Artifact Versioning

Unlike some other blockchain frameworks, Exonum is built with the first-class support of business logic evolution. Service artifacts may evolve during blockchain operation, which is reflected in the fact that a semantic version is a built-in part of the artifact. This article dives into details how versioning should be implemented and how it is used in the framework.

Problem Statement

The problem solved by versioning is as follows. Exonum services have clients, both internal (other services on the same blockchain) and external (e.g., light clients and other software capable of submitting transactions). For a multitude of reasons, the clients may have different idea as to the service capabilities than the reality at hand.

Here's hypothetical manifestations of the problem:

  • The client thinks service with a certain ID is a crypto-token service, but in reality it is a time oracle.
  • The client correctly thinks that a service with a certain ID is a crypto-token service, but is unaware that the format of the transfer transaction has changed.
  • The client (another service) attempts to get the consolidated time from the schema of a time oracle, but in reality it's not a time oracle. (Or it is a newer time oracle with changed schema layout.)

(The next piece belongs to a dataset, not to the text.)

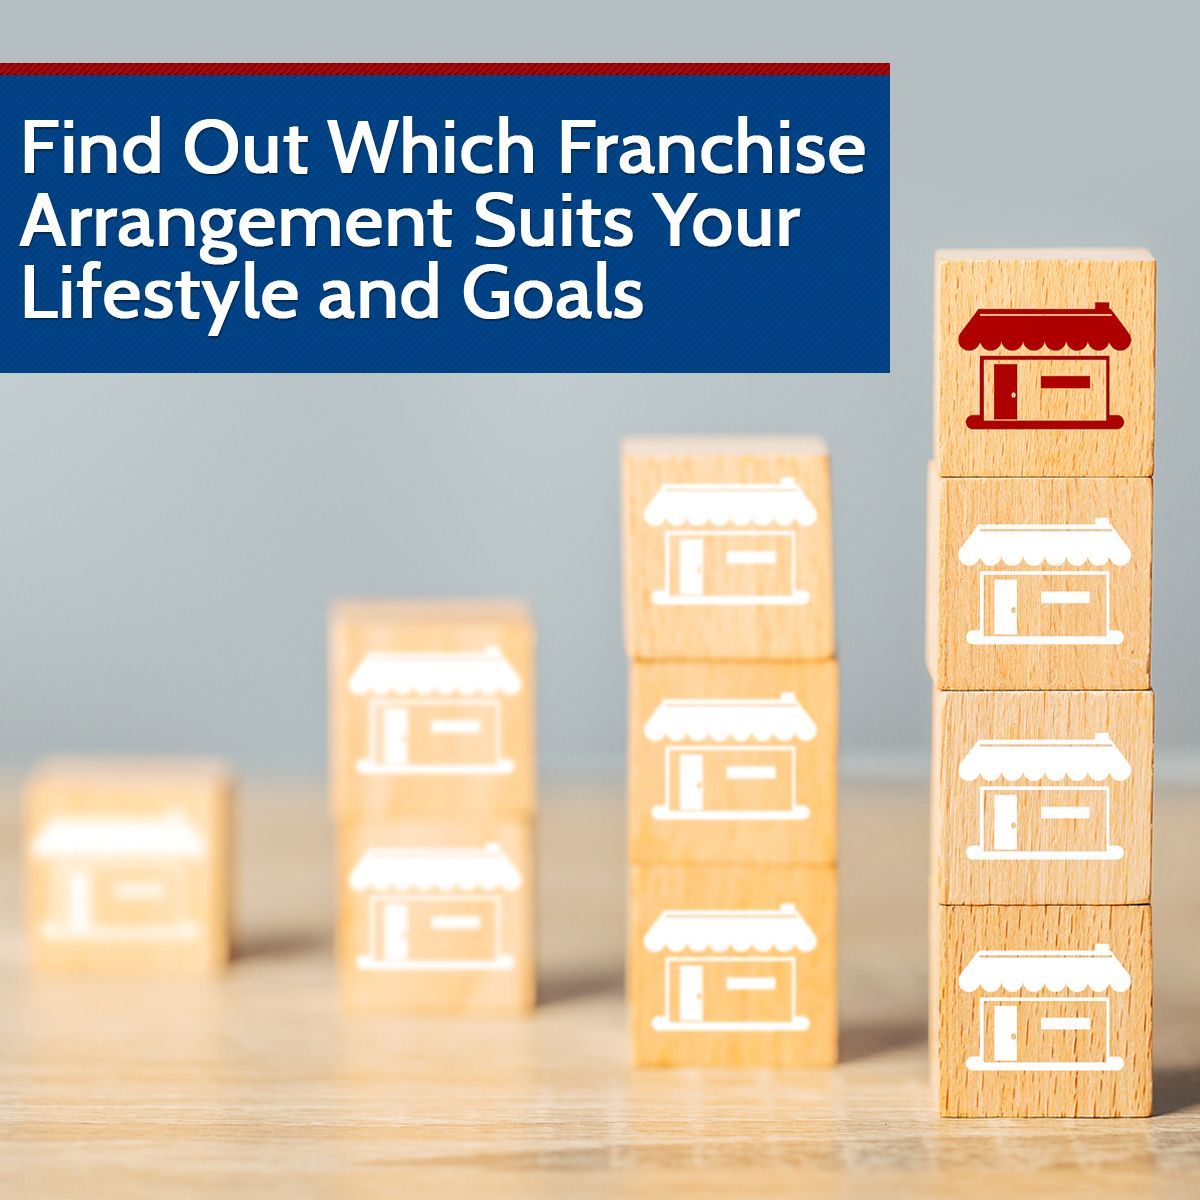 Find Out Which Franchise Arrangement Suits Your Lifestyle and Goals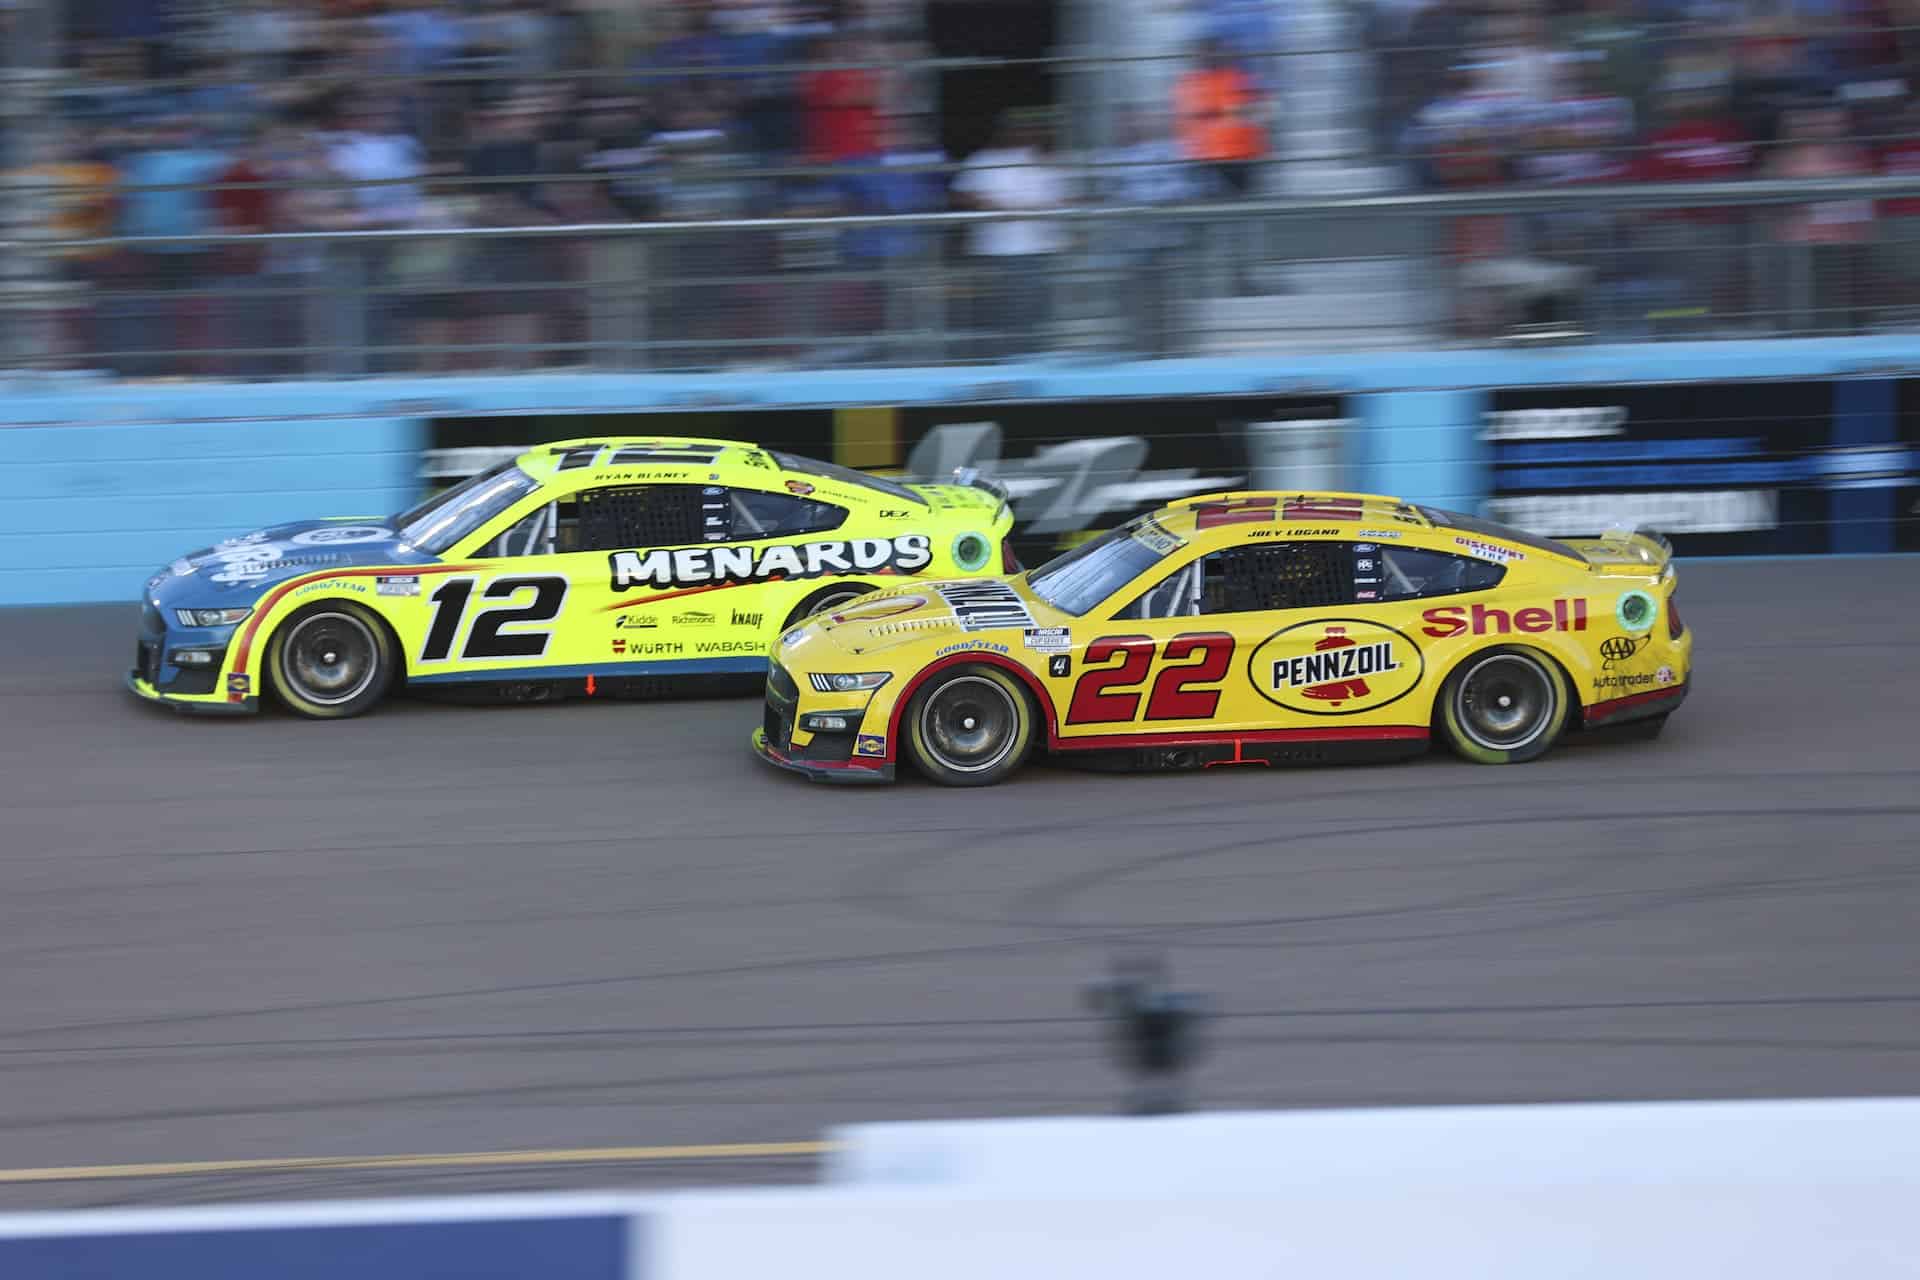 Ryan Blaney tries to edge out teammate Joey Logano for the win at Phoenix Raceway. Photo by Rachel Schuoler / Kickin' the Tires.

In all these cases, the lack of knowledge on the client side may lead to unpredictable consequences. In the best case, a transaction constructed by such a client will turn out to be garbage from the service perspective, so it will just return a deserialization error. In the worst case, the transaction may be interpreted arbitrarily. The same reasoning is true for the service schema; in the best case, accessing the bogus schema will lead to an error due to the mismatch of expected an actual index types. In the worst case, the indexes will be accessed, but will return garbage data or lead to undefined behavior of the node.

Solution: Semantic Versioning

For any reasonable solution to the problem above to work, Exonum artifacts must be semantically versioned. Indeed, semantic versioning allows to reason about client / service compatibility in terms other than “Any specific version of a service artifact is absolutely incompatible with any other version.”

Correct versioning is the responsibility of the service developers; the framework does not (and cannot) check versioning automatically.

General Guidelines

The general guidelines to maximize service longevity are:

  • Versioning concerns all public interfaces of the service. As of Exonum 1.0, these interfaces are transactions and the (public part of) service schema.
  • Transaction methods can be evolved much like Protobuf messages (in fact, transaction payloads should be Protobuf messages for this reason). Semantics of a method with the given ID must never change; in particular, the method ID must never be reused.
  • Removing a method or disabling processing for certain payloads should be considered a breaking change (with a possible exclusion of bug fixes).
  • Public service schema should expose the minimum possible number of indexes, since the changes in these indexes will be breaking.

Transaction Versioning

To be able to process transactions, service must have a static mapping between numeric identifier of a transaction and the transaction handler. Logic of transaction processing may include deserializing input parameters from a byte array, processing the input and reporting the execution result (which can be either successful or unsuccessful).

Numeric identifier of a transaction (i.e., method_id within the transaction payload) is considered a constant during all the time of service existence. If a transaction was declared with certain ID, its logic can be updated (e.g., to fix a bug) or be removed, but it never should be replaced with another transaction.

HTTP API

Although HTTP API is runtime-specific interface, the best practices regarding API compatibility still apply:

  • HTTP endpoints may be prefixed with a version, e.g., /v1/wallets
  • Removed endpoints should return 410 Gone error
  • Deprecated endpoints can emit a deprecation warning, e.g., via a specialized header or Warning header
  • Endpoints may employ redirection from an older endpoint to a newer one with a 301 Moved Permanently status

Versioning in Core

Artifact versions are used in the core, in particular, in data migrations. Indeed, a service can only be migrated from one artifact to another if the target artifact is a newer version of the source artifact.

Example

A service with artifact some.Token@0.2.0 can be migrated to artifact some.Token@0.4.1, but not to some.Token@0.1.17 or other.Token@1.1.1.

Versioning for Clients

The client may check the name and version of the artifact for a specific service using builtin APIs provided by the Exonum core. For example, the core maintains a list of deployed artifacts and instantiated services, which can be retrieved from a schema (for services) or system API (for external clients).

For transactions, clients may use the middleware service in order to make checked calls to the service. A checked call is executed only if the targeted service has an expected artifact name and version requirement (for example, some.Token@^1.2.0).

For schemas, Rust code may use safe data access provided by the SnapshotExt and BlockchainData types. This access checks artifact name / version requirement under the hood.